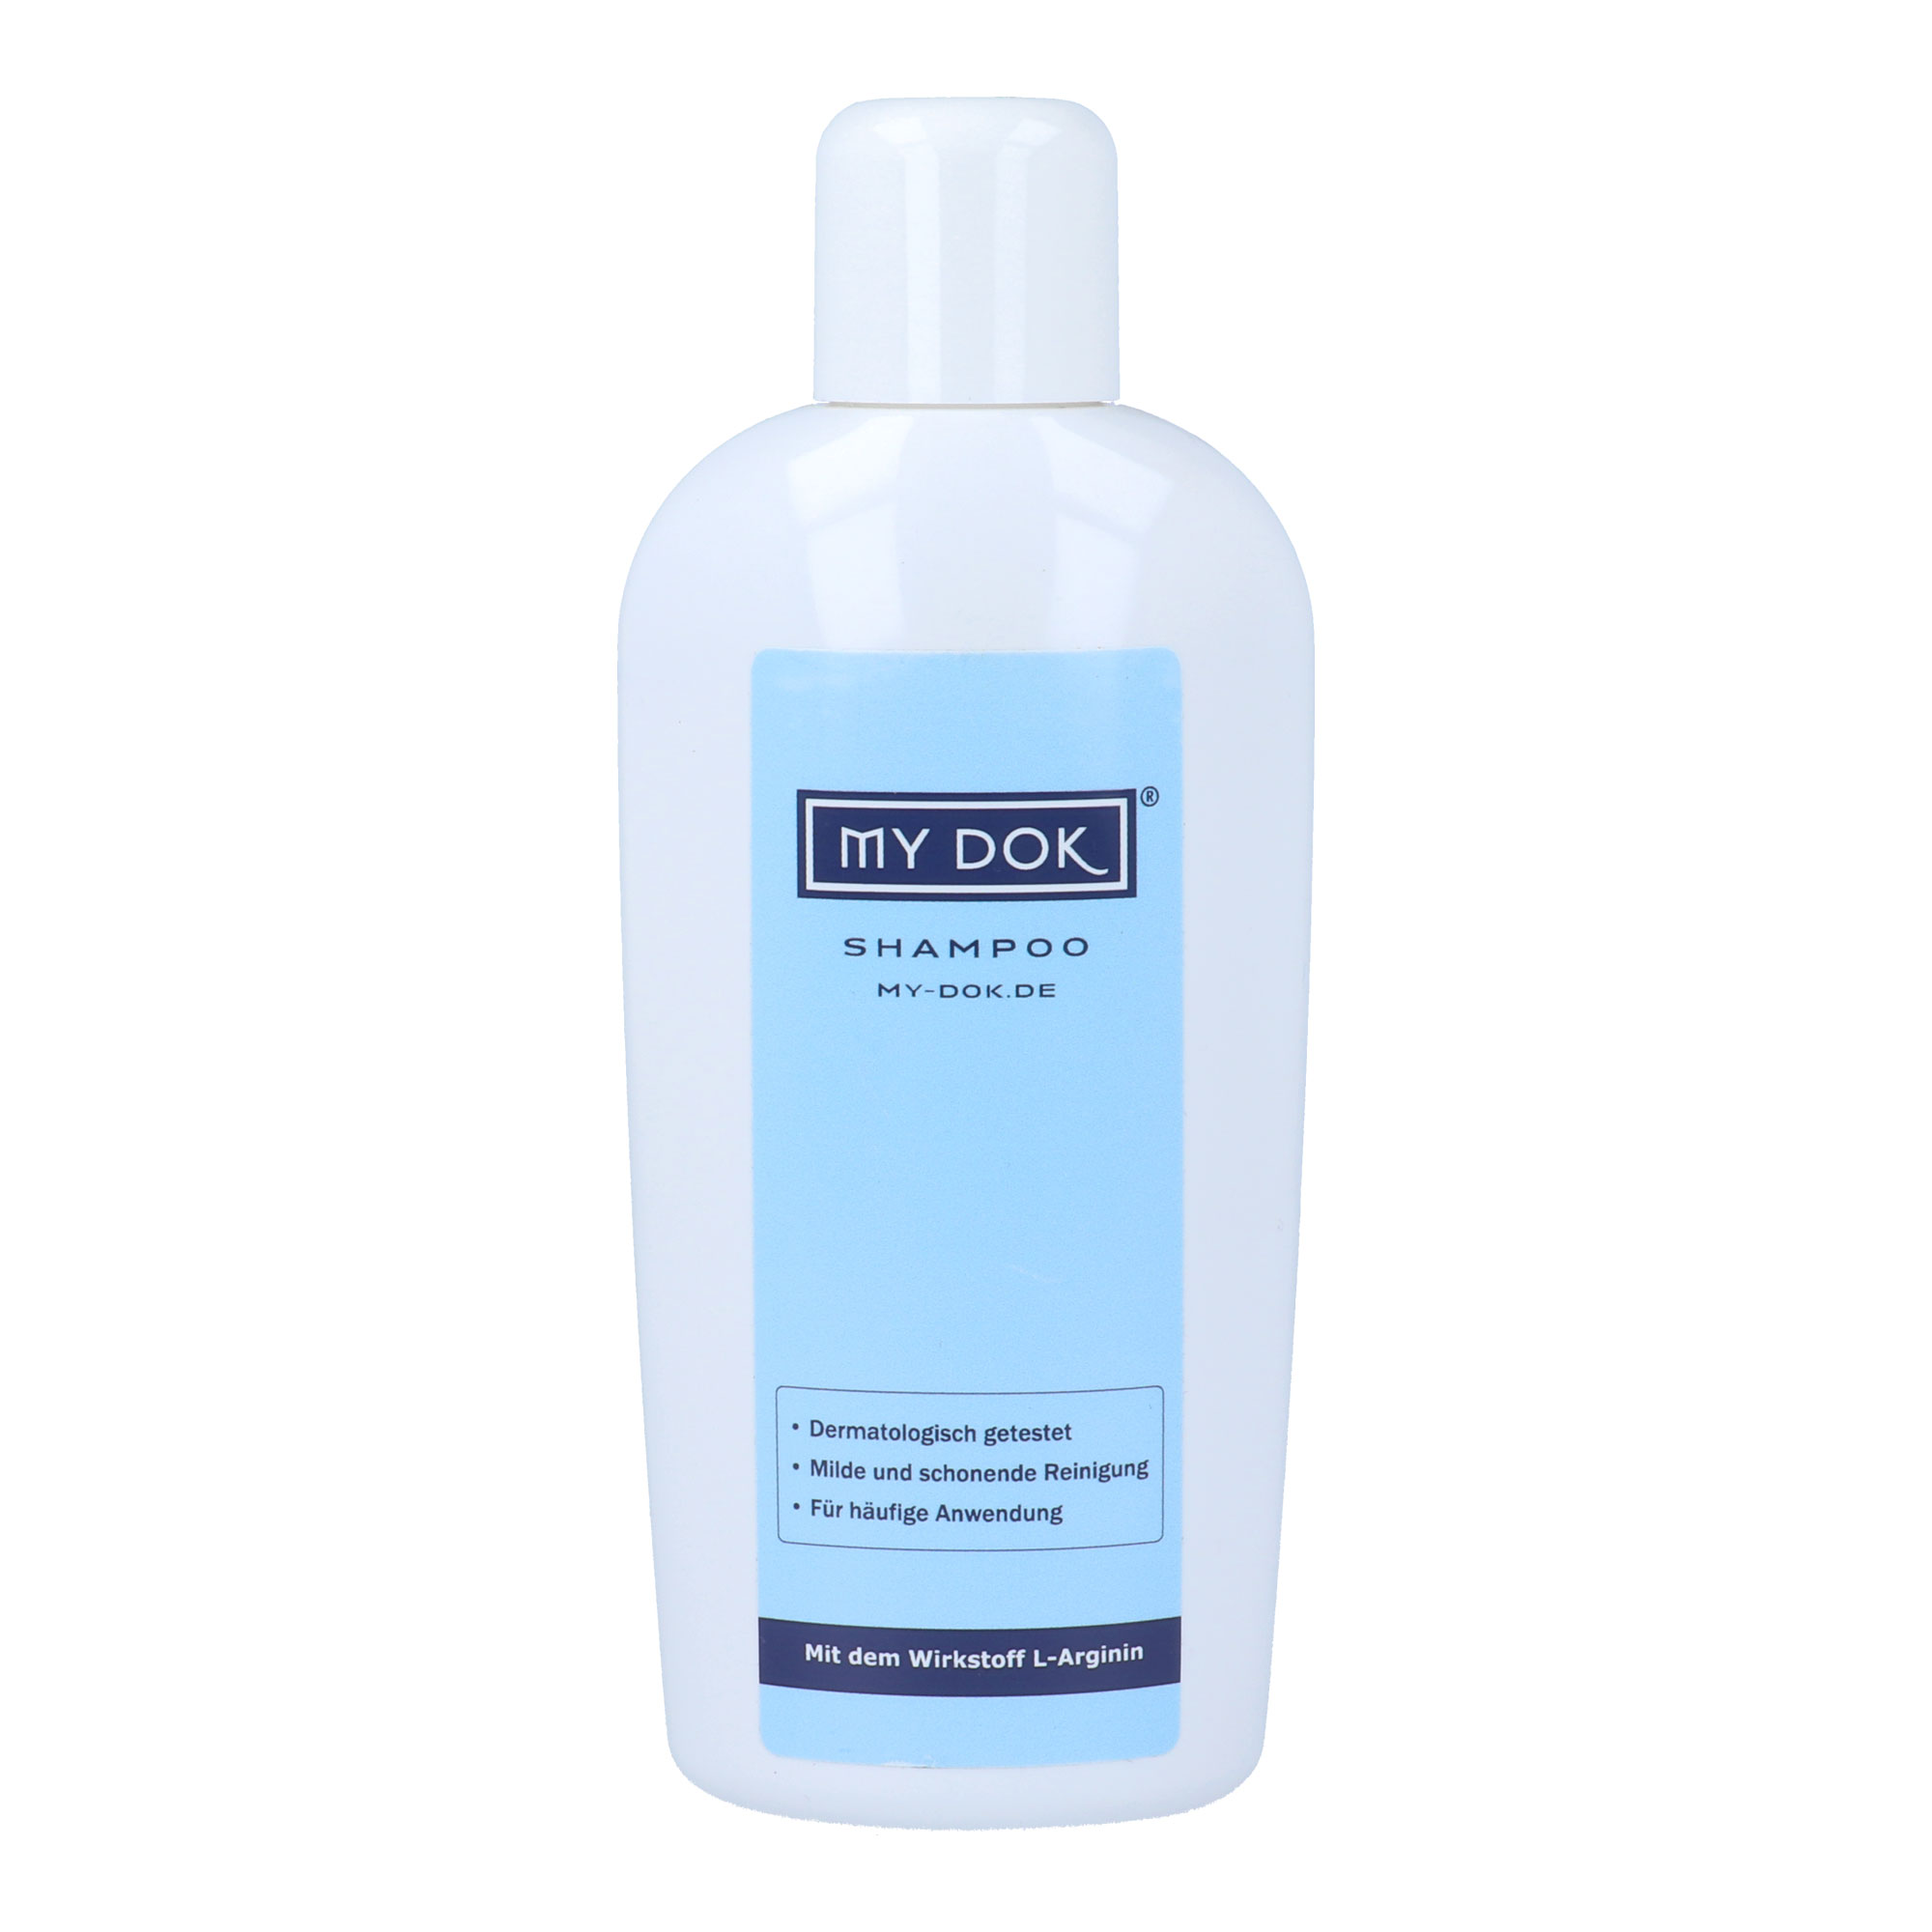 Shampoo für geschmeidiges und glattes Haar sowie zur Pflege der Kopfhaut.
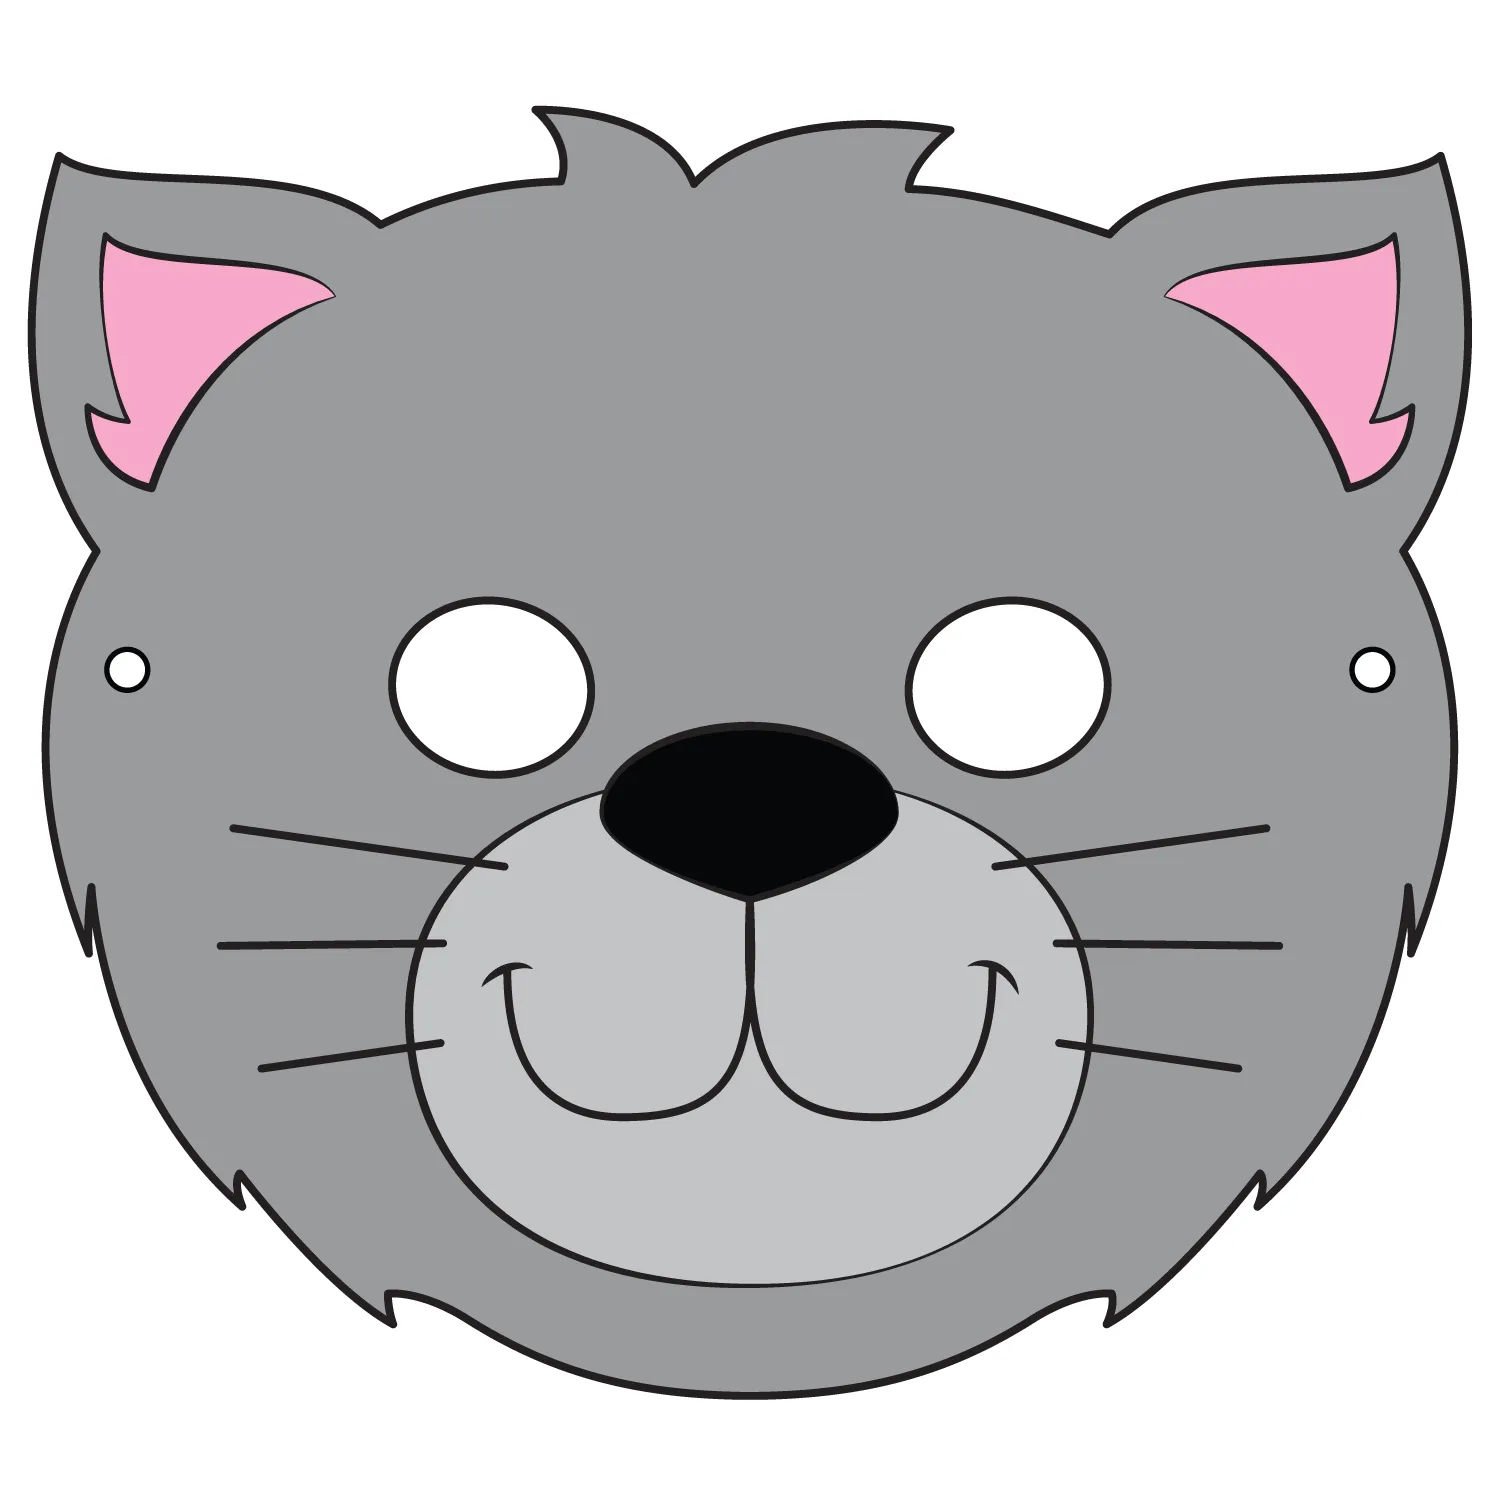 Plantilla de Máscara de Gato | Manualidades de papel para niños
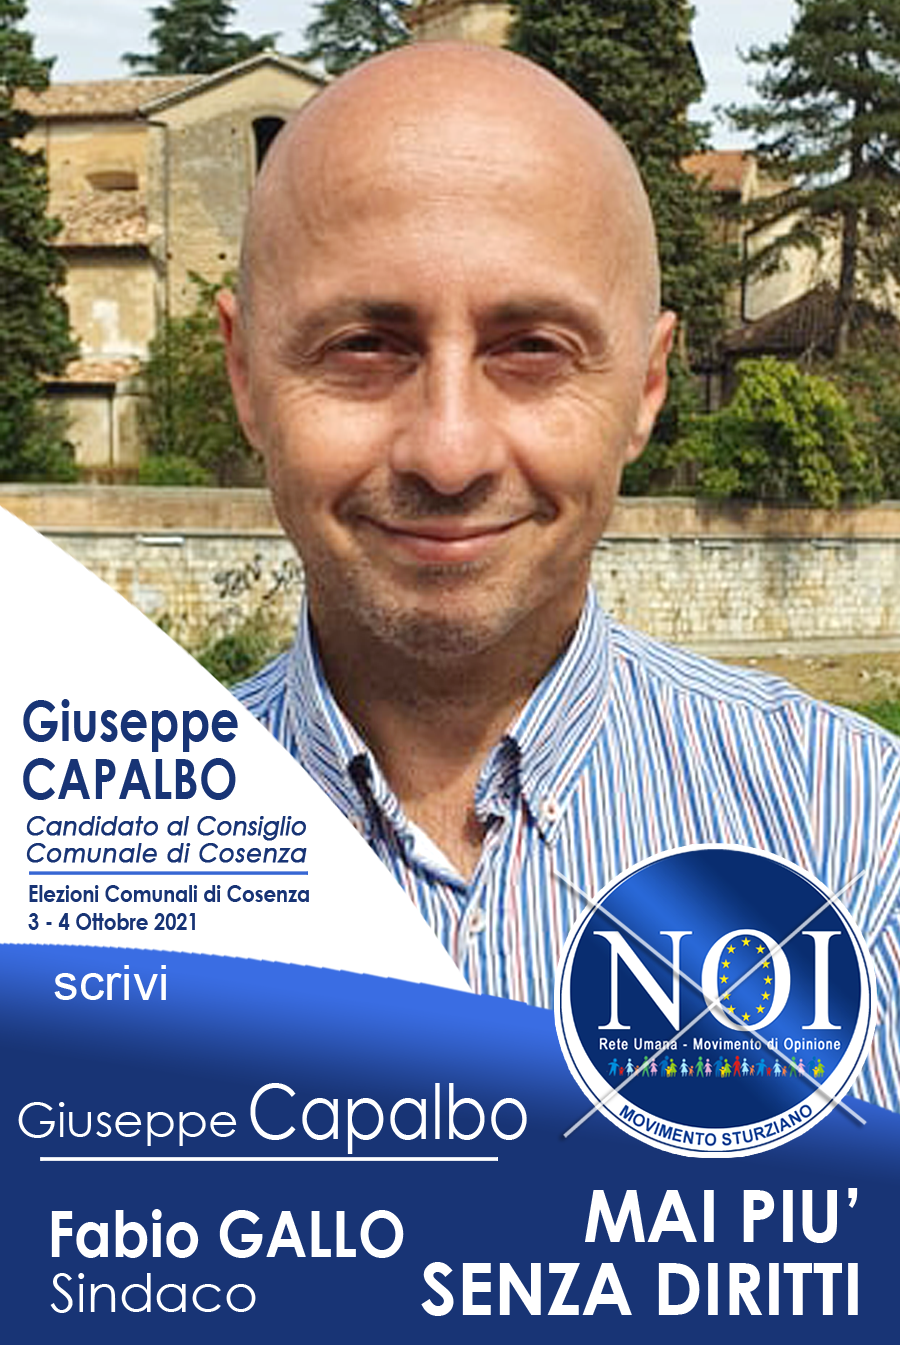 Giuseppe Capalbo Movimento NOI
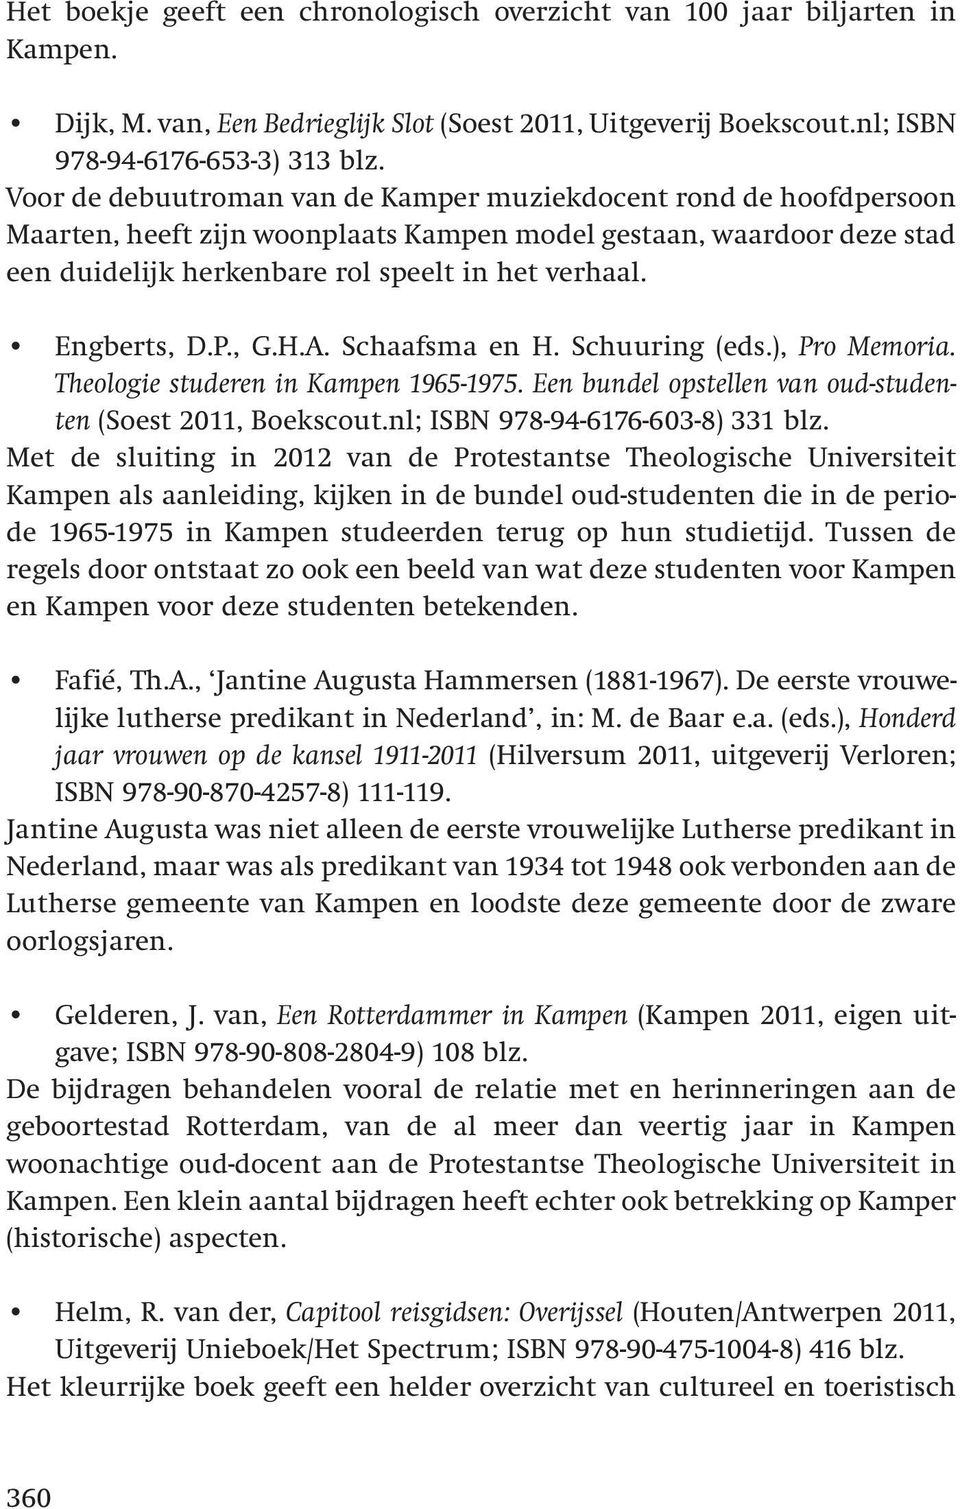 Engberts, D.P., G.H.A. Schaafsma en H. Schuuring (eds.), Pro Memoria. Theologie studeren in Kampen 1965-1975. Een bundel opstellen van oud-studenten (Soest 2011, Boekscout.

• [YOUR ASSIGNMENT]:
Please retype the lines from the one that contains "Plantilla de Máscara" through the final line of the data, both included, without any pictures.

• [SOLUTION TO THIS TASK]:
 Plantilla de Máscara de Gato | Manualidades de papel para niños
 Giuseppe Capalbo Movimento NOI
 Engberts, D.P., G.H.A. Schaafsma en H. Schuuring (eds.), Pro Memoria. Theologie studeren in Kampen 1965-1975. Een bundel opstellen van oud-studenten (Soest 2011, Boekscout.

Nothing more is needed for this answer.